Chinese rebel during the Boxer Rebellion

Lin Hei'er (林黑兒; 1871 – 1900?) was a Chinese rebel during the Boxer Rebellion, known as the Holy Mother of the Yellow Lotus (黃蓮聖母). She was an acrobat with martial arts knowledge who became a member of the Yihetuan. During the Boxer Rebellion, she organized and commanded the Red Lantern unit of female soldiers in Tianjin.

==Life==
Born on a Tianjin canal houseboat, Lin studied acrobatics and earned a living as an itinerant entertainer with her father. She married Li Youchuan while still very young. Li Youchuan was arrested by British soldiers during a raid against the opium trade and died in prison. Other accounts say that she later became a prostitute in Houjia, on the south bank of the South Canal in the Hongqiao District, Tianjin. It is also said that she also worked as a witch. The theory that Lin Heier worked as a prostitute comes from some unofficial histories of the Qing Dynasty.There is some controversy as to whether she worked as a prostitute. Some unofficial histories of the Qing Dynasty said that Lin Heier was a pimp and even had a chaotic private life since childhood, which may not be very credible. Furious with foreigners because of the death of Li Youchuan, Hei'er joined the rebels of the Yihetuan. Once trained in martial arts, she trained female recruits and founded the Red Lantern Unit of young female soldiers, the name coming from the color of their clothes. With rebel's widows she formed the Blue Lantern Unit and with the old women, the Black Lantern Unit. In addition she formed the Pan Lantern Unit of cooks who were in charge of feeding the rebel troops. She recruited widows, prostitutes, beggars and peasants into her ranks and rejected well-to-do women as useless "lotus feet".

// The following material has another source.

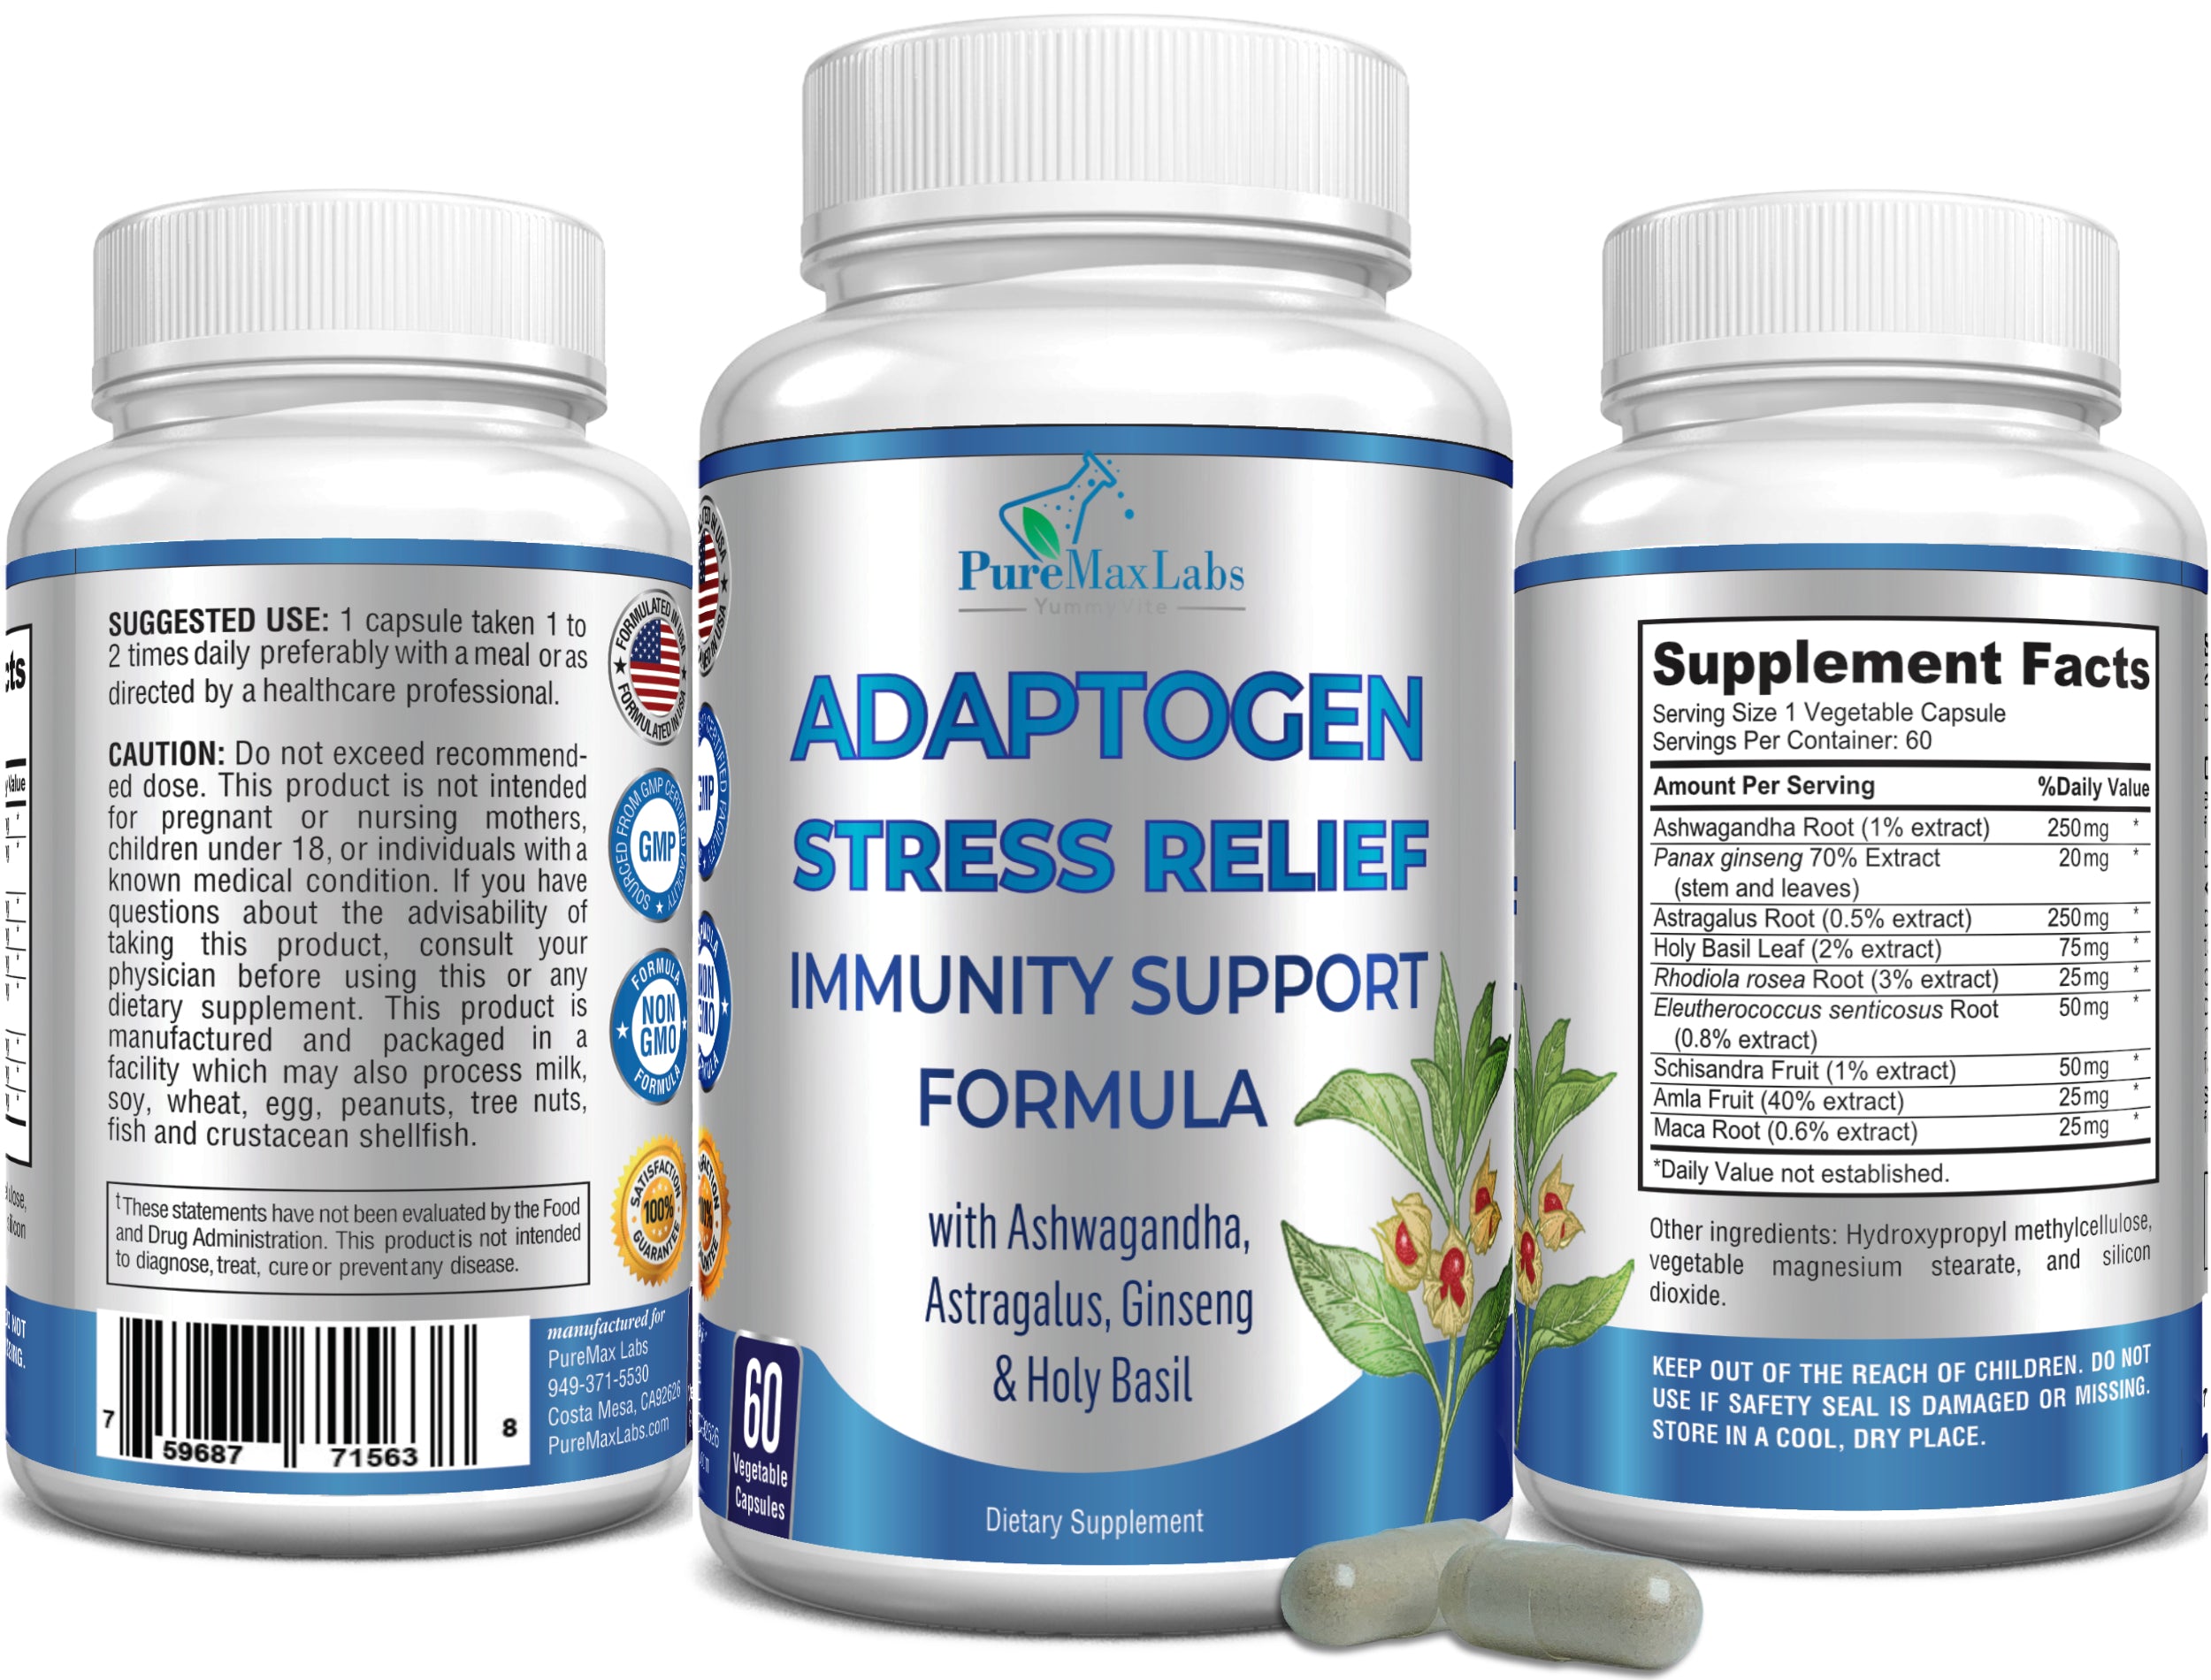 Adaptogen stress relief products

In July 1900, the combined force of the Eight-Nation Alliance descended on Beijing and Tianjin and looted and pillaged the cities. Lin Hei'er and other leaders put up fierce resistance. Lin Hei'er was injured during the Battle of Tientsin and was captured along with the other leaders on July 14, 1900, when the imperial troops who secretly helped the rebels abandoned them to their fate. Her final destination is unknown. Probably she was tried and executed, although turned into a popular heroine, the popular songs proclaimed that she survived.

A monument in her honor, the Red Lantern monument, was erected in 1994 near her place of birth.

==See also==
- List of people who disappeared

==Bibliography==
- Hevia, James L (2007). "The Boxers, China, and the World"
- Lee, Lily Xiao Hong (2015). "Biographical Dictionary of Chinese Women: v. 1: The Qing Period, 1644-1911"
- O'Connor, Richard (1973). "The Boxer Rebellion"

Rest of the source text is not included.